August 10, 2014
Corporate Tax Inversion
Corporations are among our oldest institutions. Something like a joint stock company probably triggered the earliest formal written communication—the accounting ledger. It should be unsurprising that the early traders of Mesopotamia used a corporation. Trade was risky outside the walled city, and spreading that risk over many households allowed for the collection of enough financial capital to pay for prime trade goods, fast mounts and armed guards.
This risky trade had to pay better than baking bread, and so profits to these traders were higher than those to other merchants. Some folks who are sweetly innocent of the workings of the world think these profits are a nuisance and distraction to the workings of an economy. They should be quietly ignored until human nature changes.
Over the past few years we hear a great deal about the evilness of corporations, and how they should not be treated, in law, as people. The latter idea deserves some modest discussion. There is symmetry in the law. If we wish to hold corporations liable for infractions of a law, we must also permit them to speak out against laws they judge wrong, or support those they judge right. It is a simple matter really.
Corporations are easy to demagogue, as is now happening as one political party suffers a summer of discontent. In the coming weeks we will hear how evil and unpatriotic it is for American corporations to merge with foreign firms and so dodge U.S. taxes. This is called 'inversion' and according to White House sources will be the target of Mr. Obama's much anticipated spate of executive actions he will undertake just before the election.
The problem is that this administration has long ignored real corporate tax reform, which could have raised more tax dollars and kept more corporations at home. Here's how that might have worked.
There are so many tax loopholes that a fine team of lawyers and accountants can reduce tax liability of many corporations to zero. As I have mentioned before in this space, GE paid less federal income tax last year than did Ball State. That is not a problem with GE's patriotism. It is a problem with political courage and leadership.

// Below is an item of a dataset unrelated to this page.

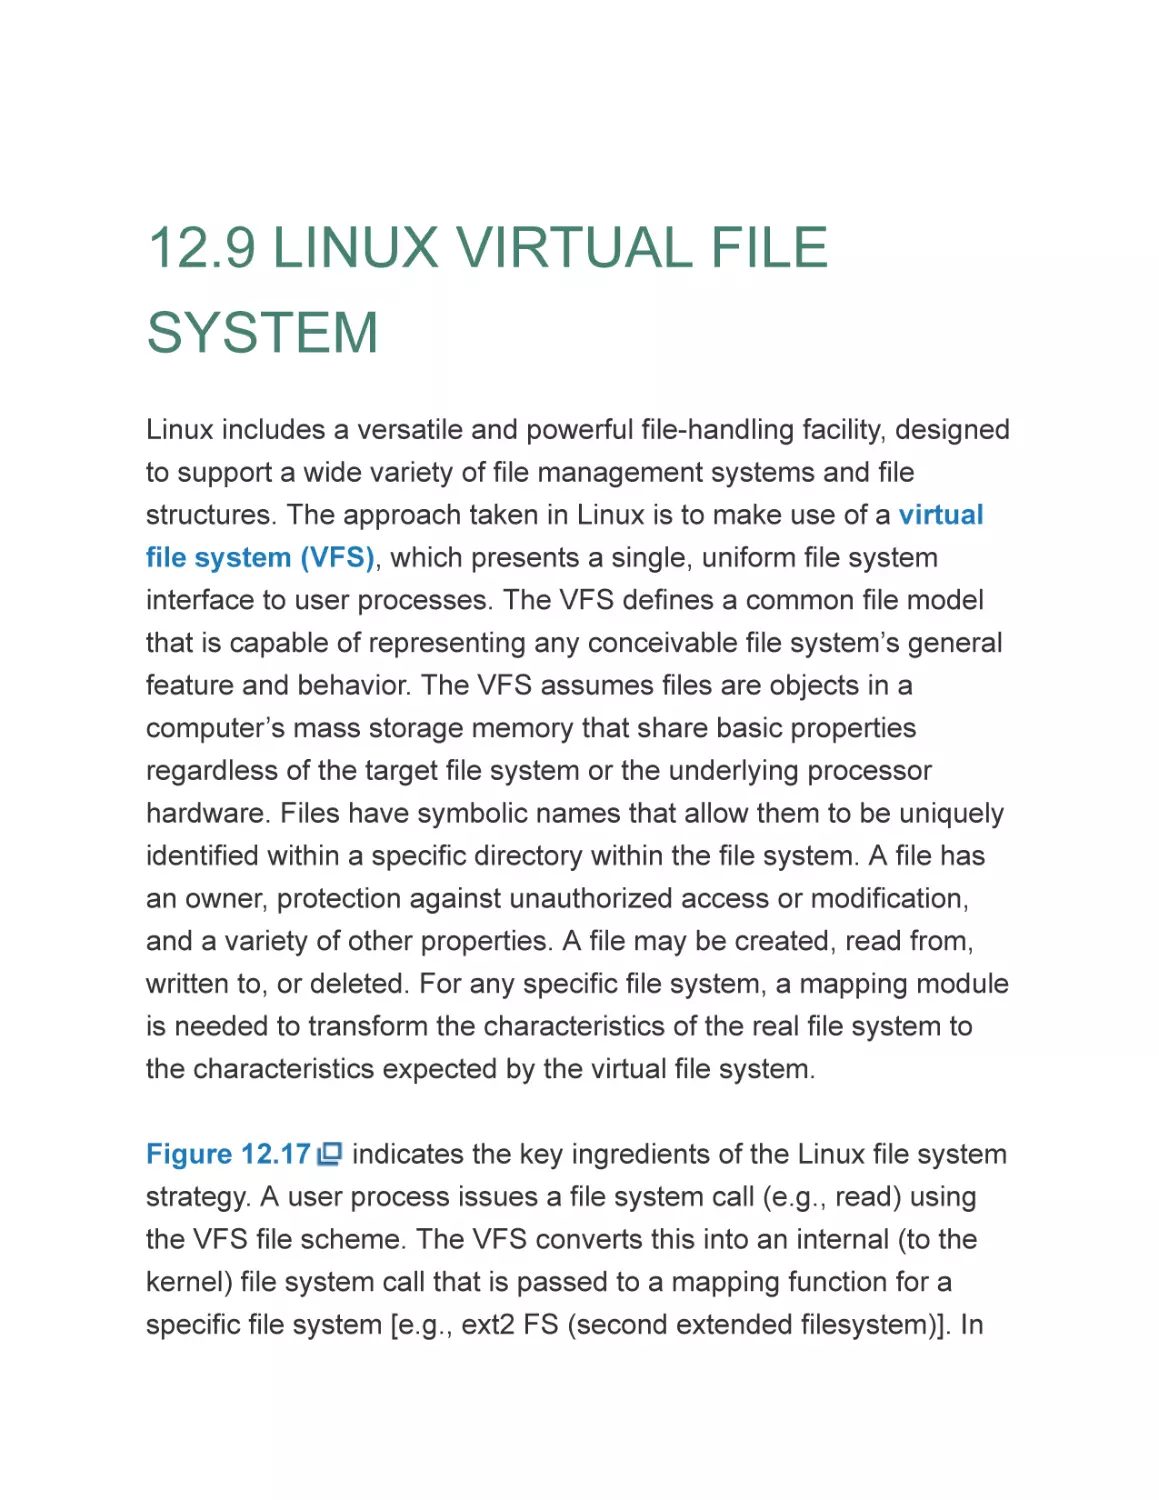 12.9 LINUX VIRTUAL FILE SYSTEM

U.S. corporate tax rates are the highest in the developed world, but many businesses can find effective loopholes and pay almost nothing. The tax is complicated and unfair, and that is why corporations who cannot find loopholes are moving overseas. Calling them unpatriotic won't work. They can hire patriotic French lawyers to help them move to Paris, where corporate tax rates are lower.
Corporate taxes are viewed by economists as among the least efficient way to collect revenue. To pay these taxes, corporations reduce their payments not only to stockholders but also workers. Some studies suggest 70 percent of corporate taxes come from wages.
What we need nationally is the type of tax simplification effort that Indiana is now trying. That'll take a bit more political courage and leadership than the current administration can muster.